Separate from the grammar, the package also embeds the **tree-sitter C runtime** under `c_src/runtime/`. It compiles alongside `parser.c` into the NIF `.so`. The runtime's supported ABI version must be ≥ the version `parser.c` was generated against — otherwise `ts_parser_set_language()` refuses the language at load time and every parse returns `{:error, :parse_failed}`.

A dedicated mix task refreshes the runtime from upstream [`tree-sitter/tree-sitter`](https://github.com/tree-sitter/tree-sitter):

```bash
# Fetch and overlay the pinned runtime version.
mix localize_mf2_treesitter.update_runtime

# CI check — exits non-zero if any vendored runtime file drifts
# from the pinned version. Doesn't modify files.
mix localize_mf2_treesitter.update_runtime --check
```

The pinned version lives at the top of the task module as `@runtime_version`. **Bump it whenever you bump the grammar pin** in `localize_mf2_treesitter.sync`, so the runtime's ABI support stays ahead of (or equal to) whatever `parser.c` needs. As a rule of thumb, match the `@runtime_version` here to the tree-sitter CLI version that generated `c_src/grammar/parser.c` (check its first-line comment).

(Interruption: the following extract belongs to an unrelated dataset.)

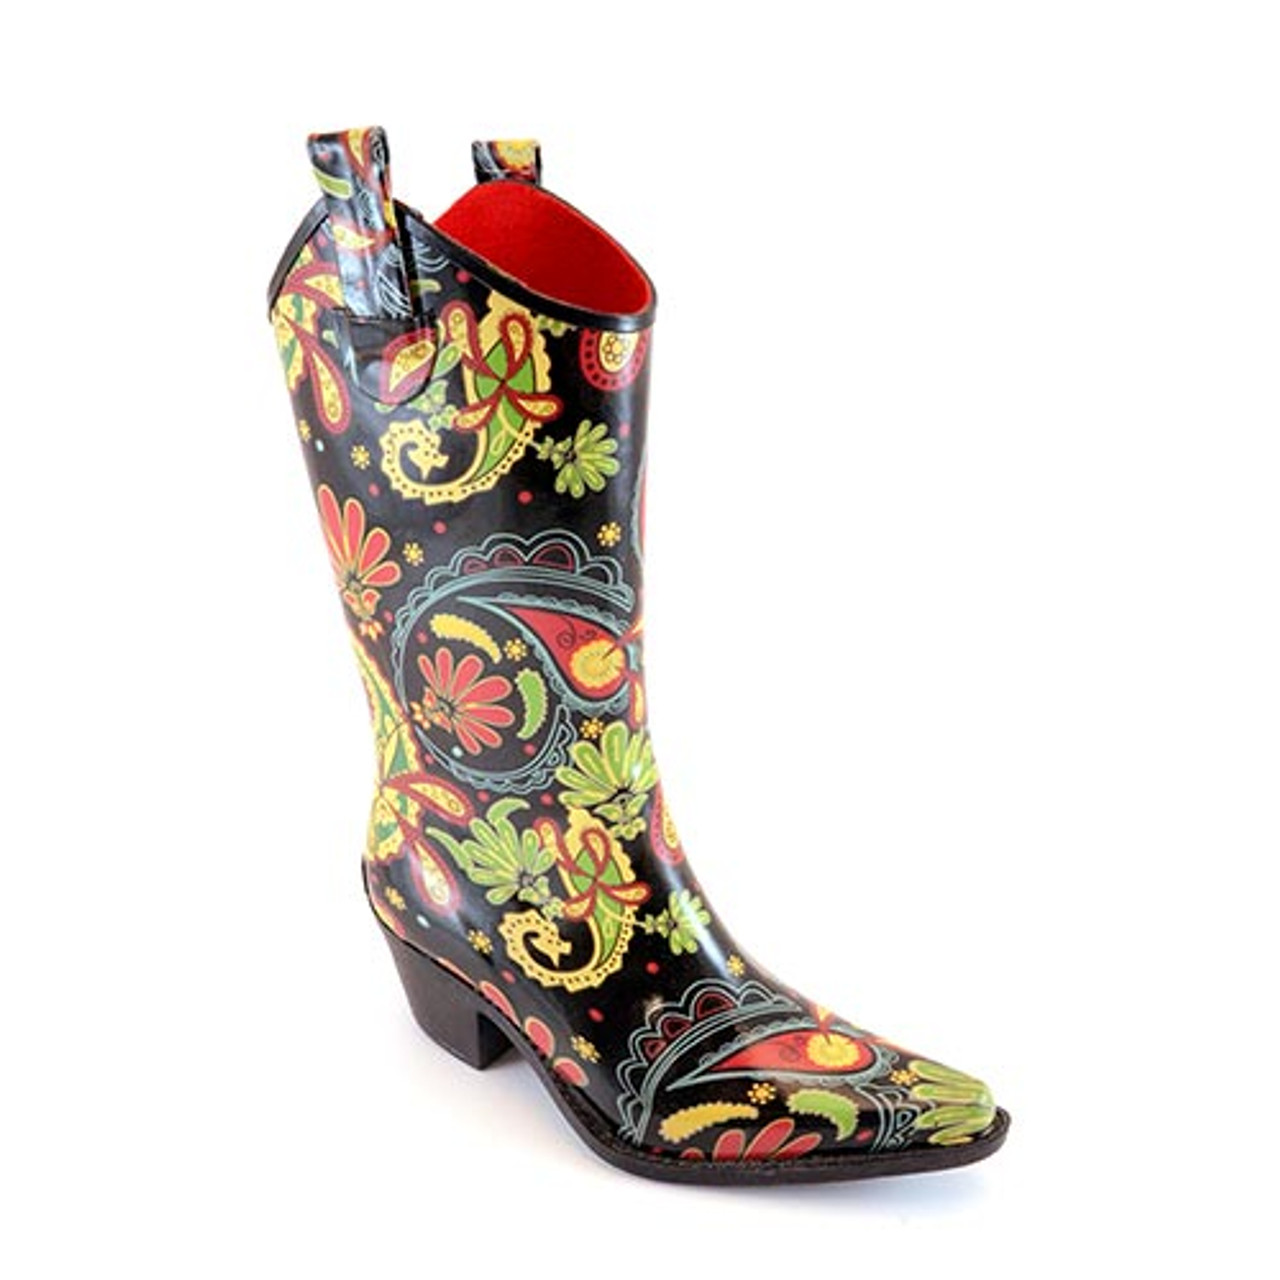 7ad0d9e68cd Corky's Women's Footwear - Rodeo - Paisley - Rain Boot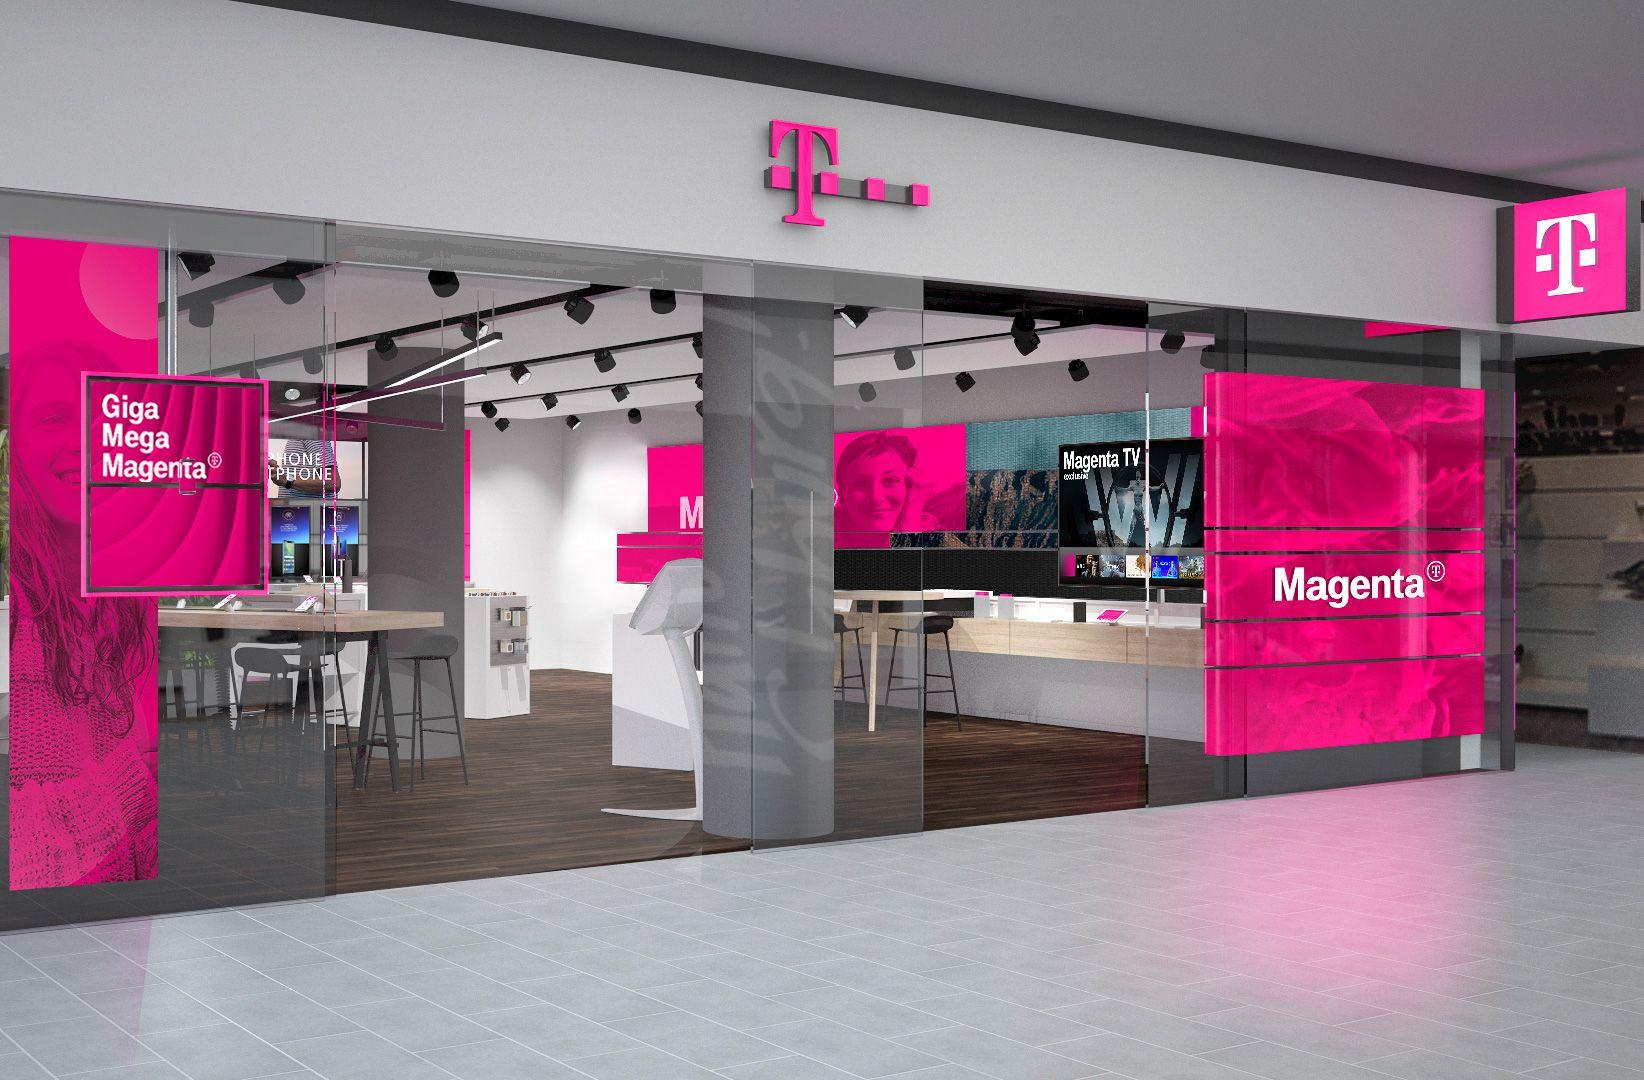 TMobile Austria and UPC Austria create new brand that

The task preserves `c_src/runtime/src/lib.c` (our hand-written amalgamation wrapper — it adds `#define _POSIX_C_SOURCE 200112L` and `#include`s every runtime `.c` file). If upstream adds a new `.c` file under `lib/src/`, the task warns that `lib.c` needs an extra `#include` line.

## Roadmap

* Precompiled NIF artefacts via `:elixir_make_precompiler`, so downstream consumers don't need a C toolchain.

## Licence

Apache-2.0 for this package. The vendored tree-sitter runtime under `c_src/runtime/` is MIT — see `c_src/runtime/LICENSE`.